Как его дыхание обожгло меня.
Как его губы скользнули по коже — мимолётно, но так, что у меня внутри всё перевернулось.
Как меня прострелило дрожью. Тогда я оттолкнула его. Но сейчас, когда темнота поглощает меня, тело вспоминает иначе.
Вспоминает его взгляд.
Глухой, наполненный чем-то тёмным, чем-то, что жжёт сильнее прикосновений.
Его губы.
Его руки.
Его запах.
Чистый, резкий, с примесью табака и чего-то острого, чего-то настолько мужского, что от него горит кожа. Я сжимаю руки в кулаки. Мне нужно вытолкнуть эти мысли. Они неправильные. Опасные. Но я больше не могу их контролировать.
Потому что это не было насилием. Это было чем-то другим. И это пугает меня сильнее, чем угроза Кобры.
Сильнее, чем сама тюрьма.
Потому что я в ловушке.
Не здесь.
В нём.
— Чё замерла, Барыня? — голос Ларисы выдергивает меня из мыслей, как ледяной ветер.
Я вздрагиваю, моргаю, но не поворачиваю головы.
— Сплю.
Она коротко смеётся, глухо, чуть хрипло.
— Да ладно. — Пауза, и я уже знаю, что дальше будет удар. Не по лицу — по гордости. — О начальнике мечтаешь?
Я поворачиваюсь к ней слишком резко, слишком быстро. Ошибка.
Лариса щурится, сжимая в зубах сигарету, улыбается — как кошка, которая только что вытащила мышь из норы.
— С хера мне о нём мечтать? — отвечаю ровно, но чувствую, что выдала себя.
— А вот это не мне решать. Это тебе решать.
Я молчу. Она затягивается, выпускает дым медленно, смакуя.
— Ты думаешь, я слепая? Я ж баба, Барыня, а не дура. Как он на тебя смотрит — я такие взгляды видела.
Я сжимаю губы.
— Как?
Лариса ухмыляется.
— Как на ту, кого хочет.
Я отворачиваюсь.
— Бред.
— Ну-ну.
Я не вижу её лица, но чувствую — она смотрит, оценивает, делает выводы.

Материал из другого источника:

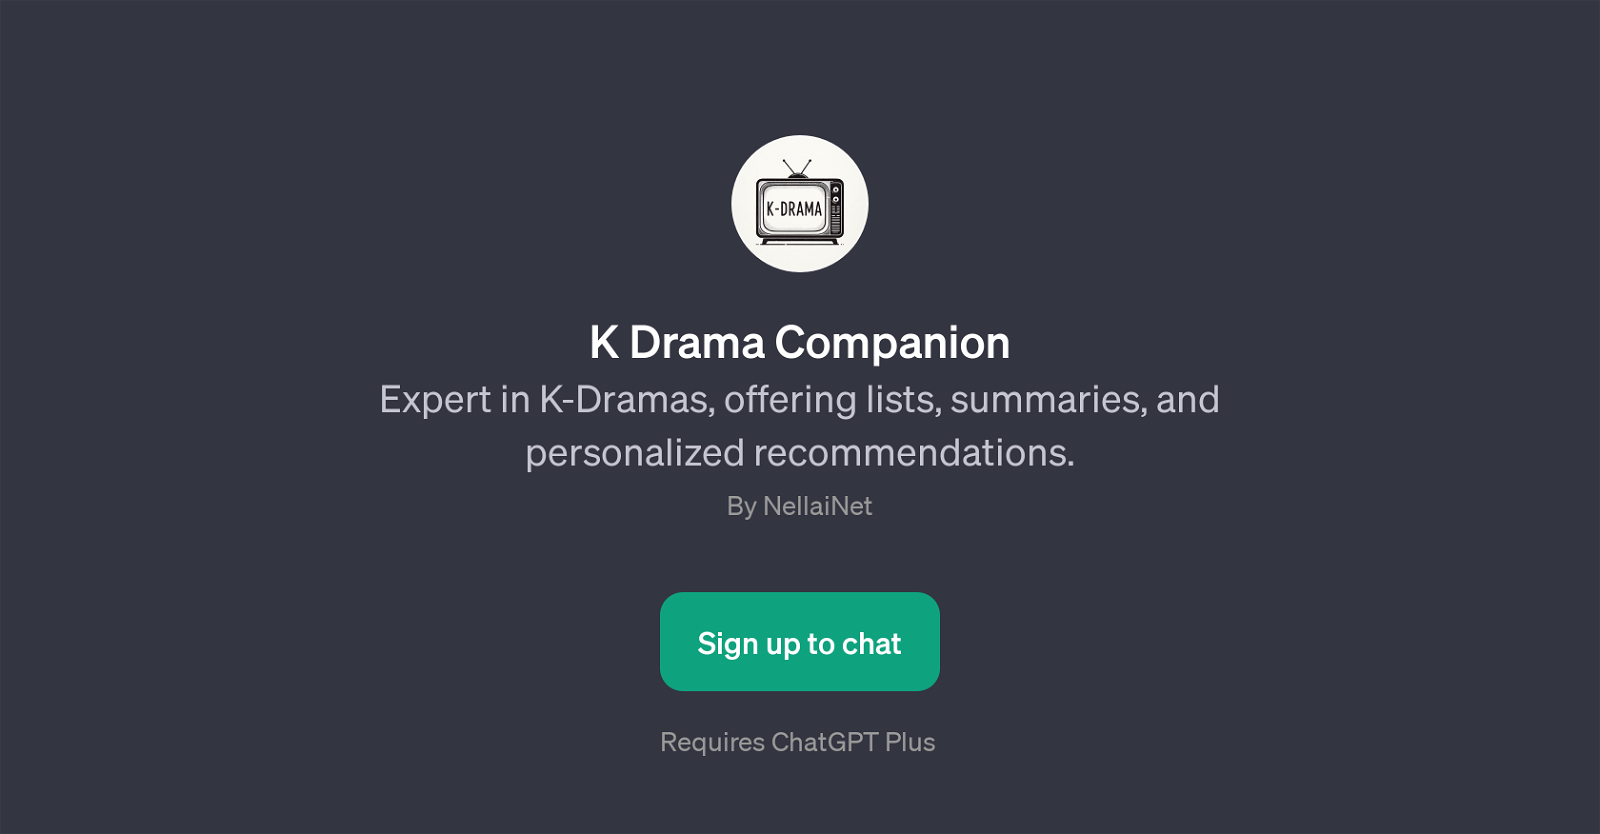 K Drama Companion website

— Ты ж взрослая, Барыня. Понимаешь, что с таким раскладом лучше либо бежать, либо брать своё.
Я сжимаю пальцы в кулак.
— Мне ничего не надо.
— Лжёшь.
Я не отвечаю.
Потому что боюсь, что она права.
* * *
Я захожу в кабинет, и воздух будто сгущается. Здесь всегда холоднее, чем в коридоре, даже стены кажутся серее, как будто всё здесь создано для того, чтобы ломать людей. Я уже готовлюсь к его взгляду — тяжёлому, оценивающему, холодному. Готовлюсь к сухим вопросам, к приказам, к очередному давлению. Но всё не так.
Владимир сидит за столом, бумаги перед ним, но он не смотрит в них. Он смотрит на меня.
Глаза серо-синие, глубокие, будто скрывают что-то большее, чем он позволяет показать. В них напряжение, скрытая буря, но ещё что-то, что я не могу сразу разобрать. Он не отводит взгляд. Я чувствую это кожей. Он изучает меня, дольше, чем обычно.
Я замираю.
Этот взгляд цепляет, разрывает мою защиту, проникает слишком глубоко.
— Подойдите, Брагина.
Его голос низкий, ровный, но не такой, как обычно. В нём нет жёсткости, нет приказа, но есть что-то ещё — странное, пугающее.
Я приближаюсь, останавливаюсь у стола.
Он медленно, с каким-то почти ленивым движением, откладывает бумаги в сторону, сцепляет пальцы в замок, долго молчит.
А потом говорит.
— Я изучил ваше дело.
Я сжимаю пальцы, замираю, но не подаю виду. Сердце пропускает удар, потом ещё один, бьётся глухо, отзываясь в висках.
Он наклоняется чуть ближе, взгляд твёрдый, уверенный, разрубающий меня на части.
— Вы невиновны, Брагина.
Я перестаю дышать.
Слова доходят до меня с запозданием, как сквозь вату. "Вы невиновны, Брагина." Я слышу их, понимаю их смысл, но они не вжимаются в реальность, не цепляются за сознание. Как будто это ошибка. Как будто он оговорился. Как будто это не для меня. Я смотрю на него, но не вижу. Голова гудит, тело будто не моё, лёгкие сжаты так, что я забываю, как дышать. Он сказал это. Он сказал то, чего я даже не смела ждать. То, что я так давно хотела услышать, но уже не верила, что услышу.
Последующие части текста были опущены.